Mostly, but not quite. I am definitely more interested in pre-published adventures for the edition I am running (4e), as that saves me the most time.

That said, I do pick up the Pathfinder APs and have adventures from 1e,2e, and 3e to mine ideas from. Given the current size of my RPG library, I am unlikely to pick up random adventures for other editions of the game, although I might grab one if the price is right and it gets really good reviews or seems particularly interesting or in line with what I am doing in my campaign.
 

I generally consider modules in the three broad categories mentioned up-thread: TSR D&D, 3e (including 3e variants and Pathfinder), and 4e. While there are exceptions, I'm uninterested in buying/reading/converting modules created for 3e and 4e. It's not that I couldn't convert them, it's that it's too much of a bother, and I tend to dislike the approach and style of the 3e and 4e modules, without even considering the stats. In fact, I think the approach and style issue is a bigger problem for me than the stats.

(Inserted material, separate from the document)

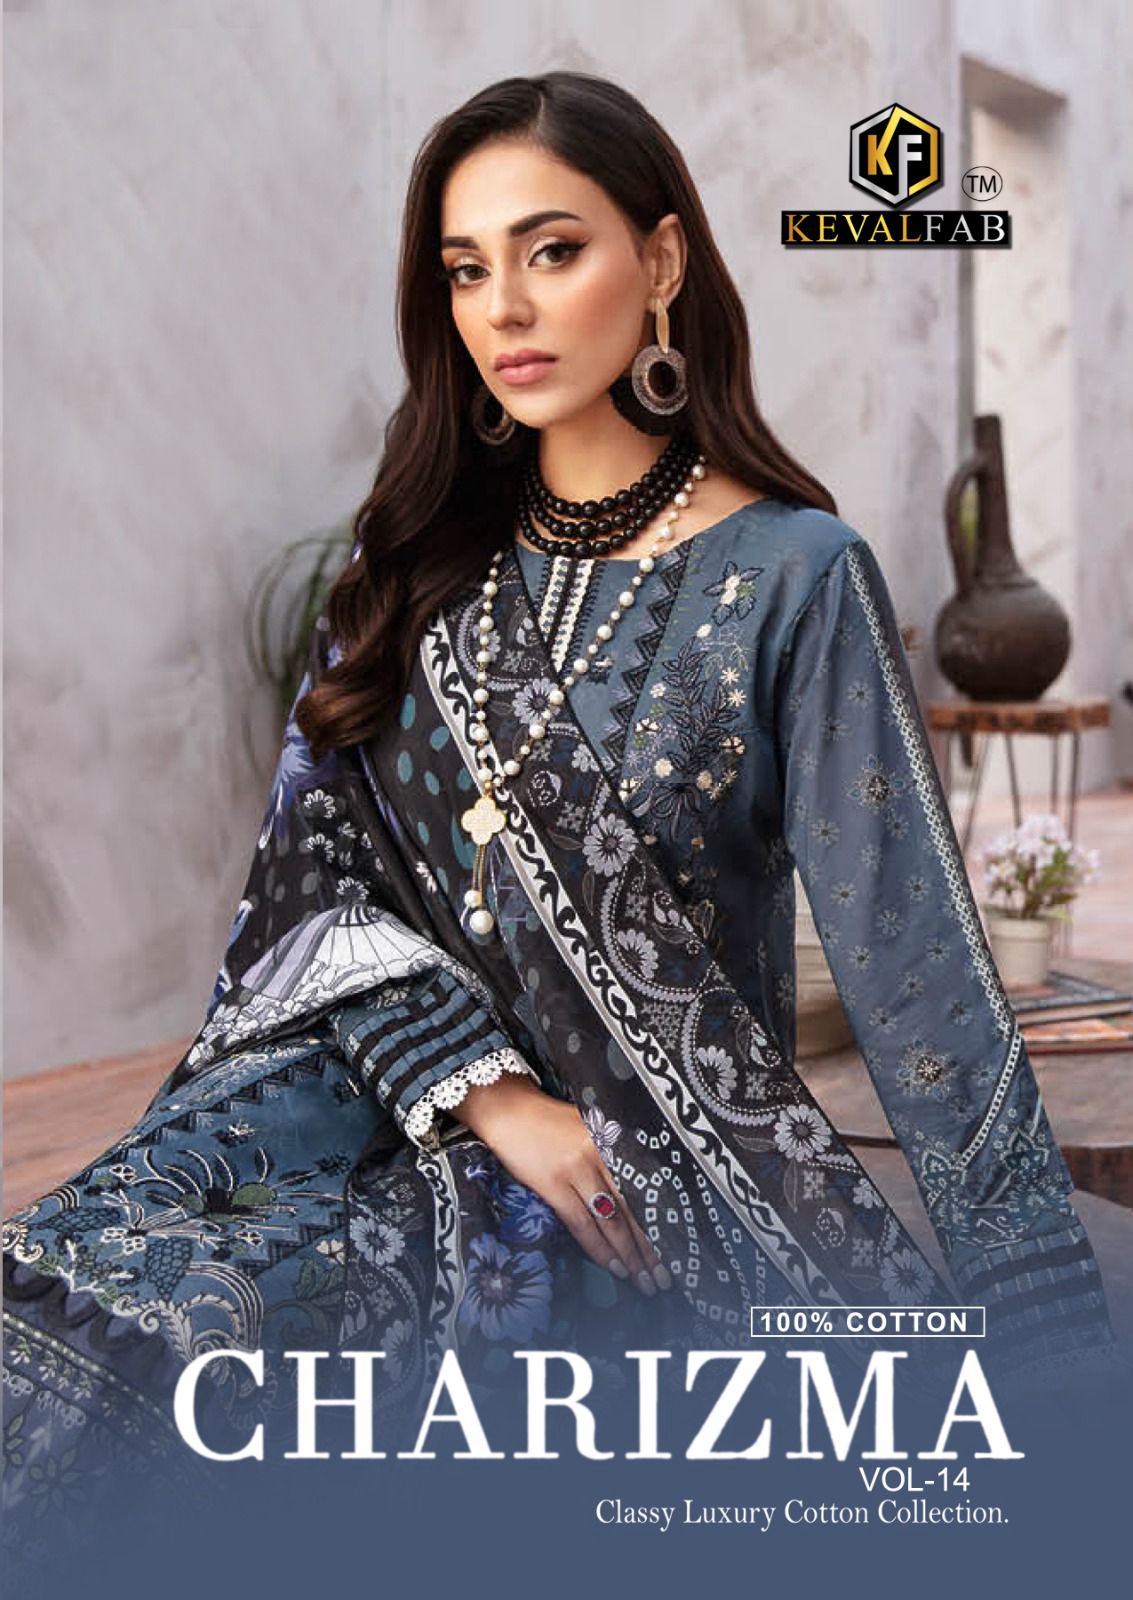 WHATSAPP BROADCAST LIST FOR FULL  CATALOGUE– SEND YOUR NAME AND LOCATION ON +91 9974 806 954  – FOR SALWAR KAMEEZ +91 9662 030 388  – FOR KURTIS +91 7069655500– FOR INQUIRY +918799402355 –PAKISTANI SUITS  SINGLE PIECE PEHNAVA FASHION MART IS INDIA'S BIGGEST WHOLESALER IN E COMMERCE PEHNAVA FASHION MART IS WHOLESALER, MANUFACTURER AND SUPPLIER FOR BRANDED PAKISTANI SUITS, INDIAN SALWAR KAMEEZ, LAWN SALWAR KAMEEZ, KARACHI PRINTED SALWAR KAMEEZ, LUXURY PRET OUTFIT, LUXURY PRET KURTIS, PAKISTANI READYMADE KURTIS, DESIGNER KURTIS, FANCY LONG GOWN, LATEST LEHENGHA CHOLI, PATIYALA COTTON KURTI, HEAVY EMBROIDEREY SUITS, PAKISTANI SALWAR SUITS, DIGITAL PRINTED KURTI with PANT, FANCY SHORT TOPS, FANCY TUNIC, PAKISTANI KURTI PANT, KASHMIRI PRINTED SUITS, SHARARA SUITS, FANCY KUTIS PANT WITH DUPATTA, JUMPSUIT, FANCY STOLES, KHADI EMBROIDERY WOLLEN DUPATTAS, DIGITAL PRINTED SUITS, ANARKALI SUITS, SALWAR KAMEEZ, KARACHI SUITS, LEGGINGS, PALAZZO, COTTON DRESS, FROCK TYPE LONG KURTIS, BRANDED DESIGNER COLLECTION, DENIM KURTIS, PARTY WEAR SUITS, TOP SHARARA WITH DUPATTA, EMBROIDERY SALWAR SUITS, COTTON SUITS AND ALL SURAT BRANDED CATALOGS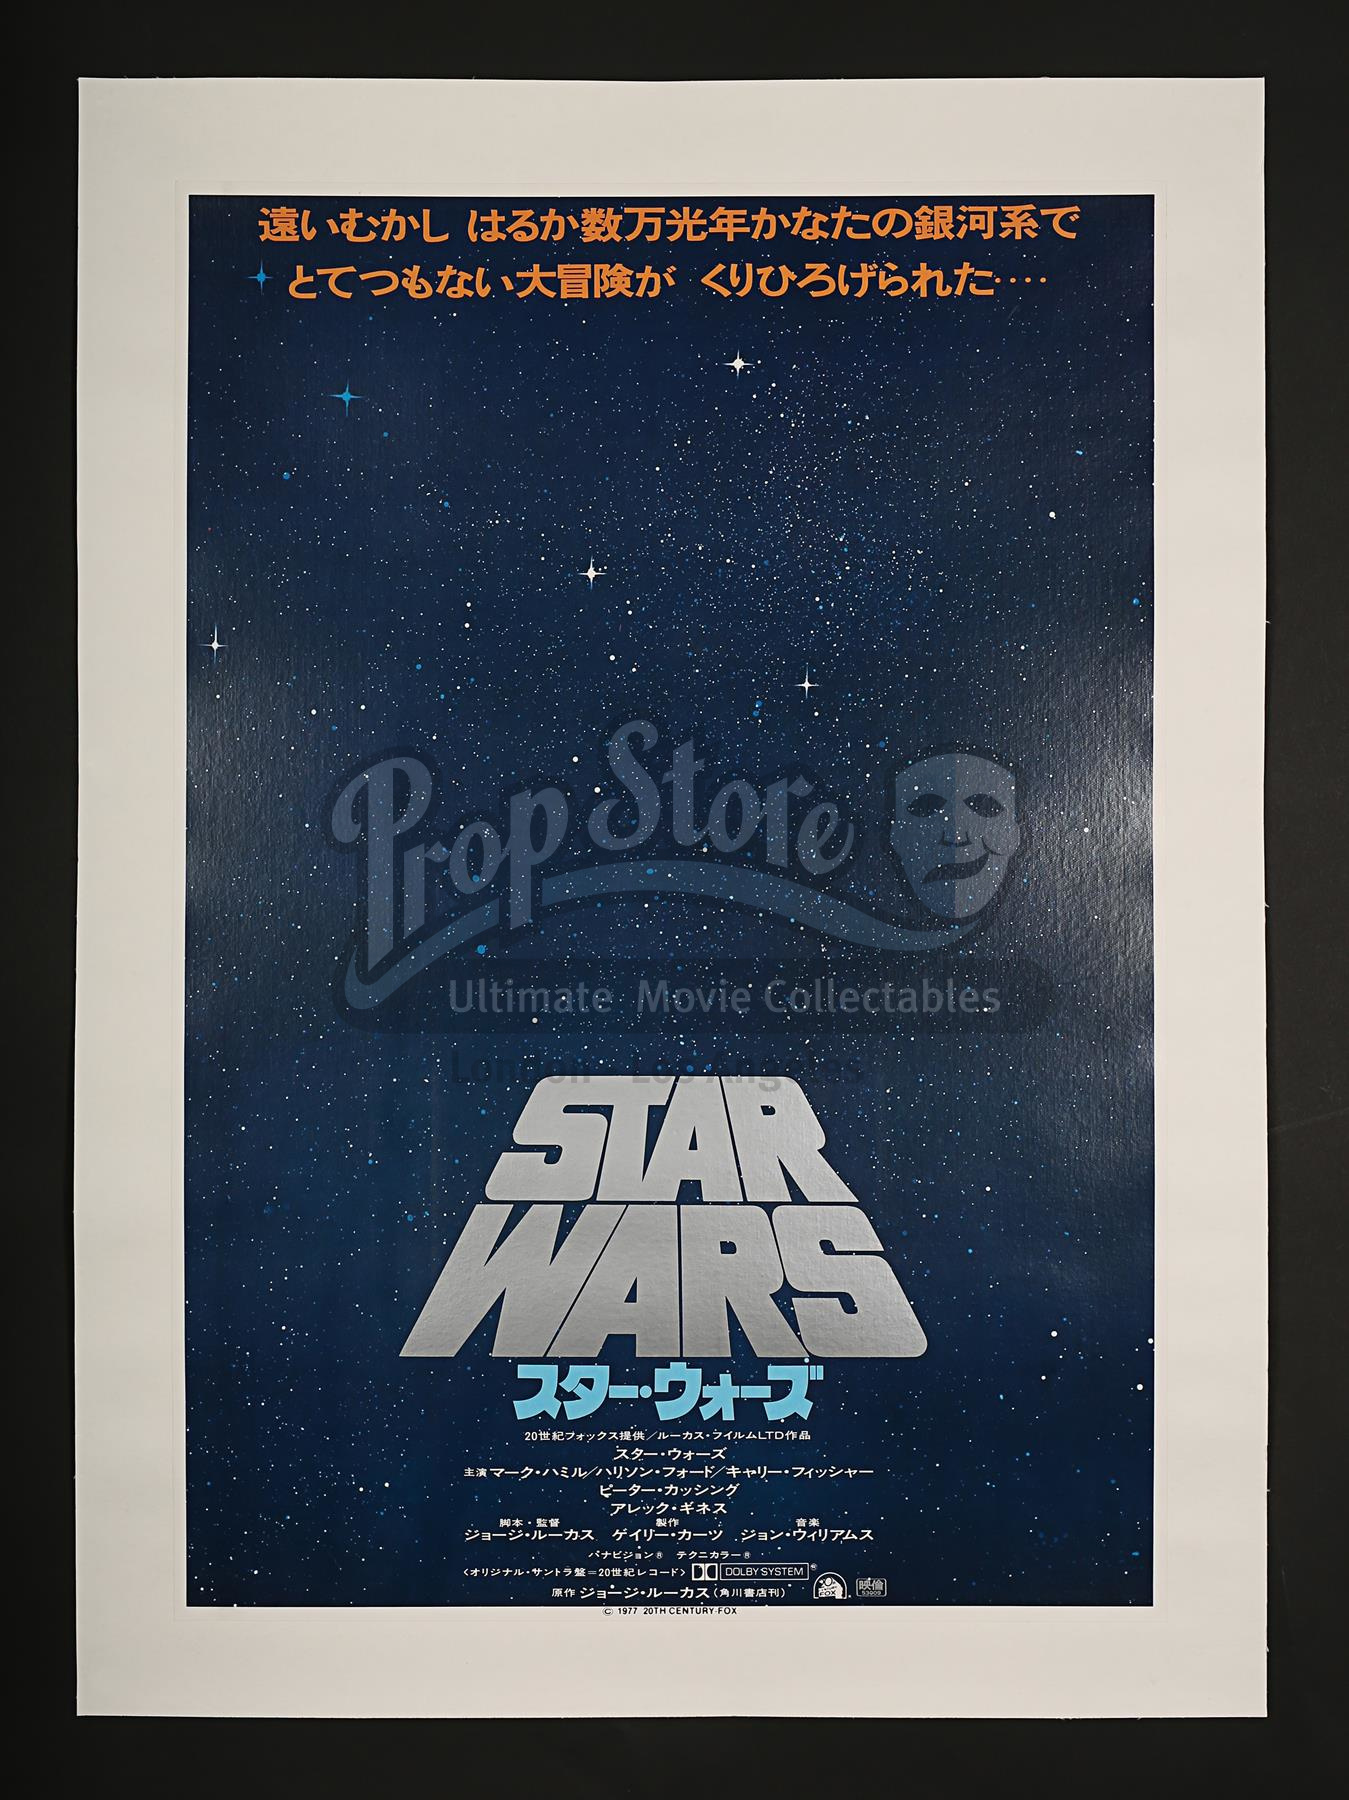 STAR WARS: A NEW HOPE (1977) - Japanese B2 Advance Poster (1977) - Current  price: £375

These days, I'm mostly doing my own thing, in any case. I'm just not using modules as much as I did, back in the day.
 


Are you adventure edition agnostic?
Most definitely. . .

With the exception of one edition. :erm: And no, it's not because I won't buy from a certain company (which I won't, nowadays) or because I dislike the system in question (also true), but simply because, even if I found an adventure that I liked from, say, a current third party publisher. . . it's just too radically different a system - and implied setting - for me to bother.

So yeah, it just comes down to practical issues. Otherwise, I've been known to be pretty much omnivorous when it comes to adventures and sourcebooks.
 


Hypothetically, if I were in the market for an adventure, I would be edition agnostic.
I've used flavour material from sourcebooks of other editions in my games.

However, I've never actually run a published adventure, and the only ones I own were either free, gifts, or came with something else I wanted.
I may pillage them for ideas sometime, but I haven't felt the urge to do so yet.
 

Totally system and edition agnostic when it comes pre-published adventures. I've long used adventures from different editions and systems to provide not just a great game for my players, but for campaign inspiration as well.

That said, I find "delve" style adventures to be significantly less easy for me as a GM to use /convert. And these days, after repeated attempts to use them, I now ignore them altogether. Its not the edition of an adventure I stay away from, its the poor "delve" presentation that is an epic fail at my gaming table.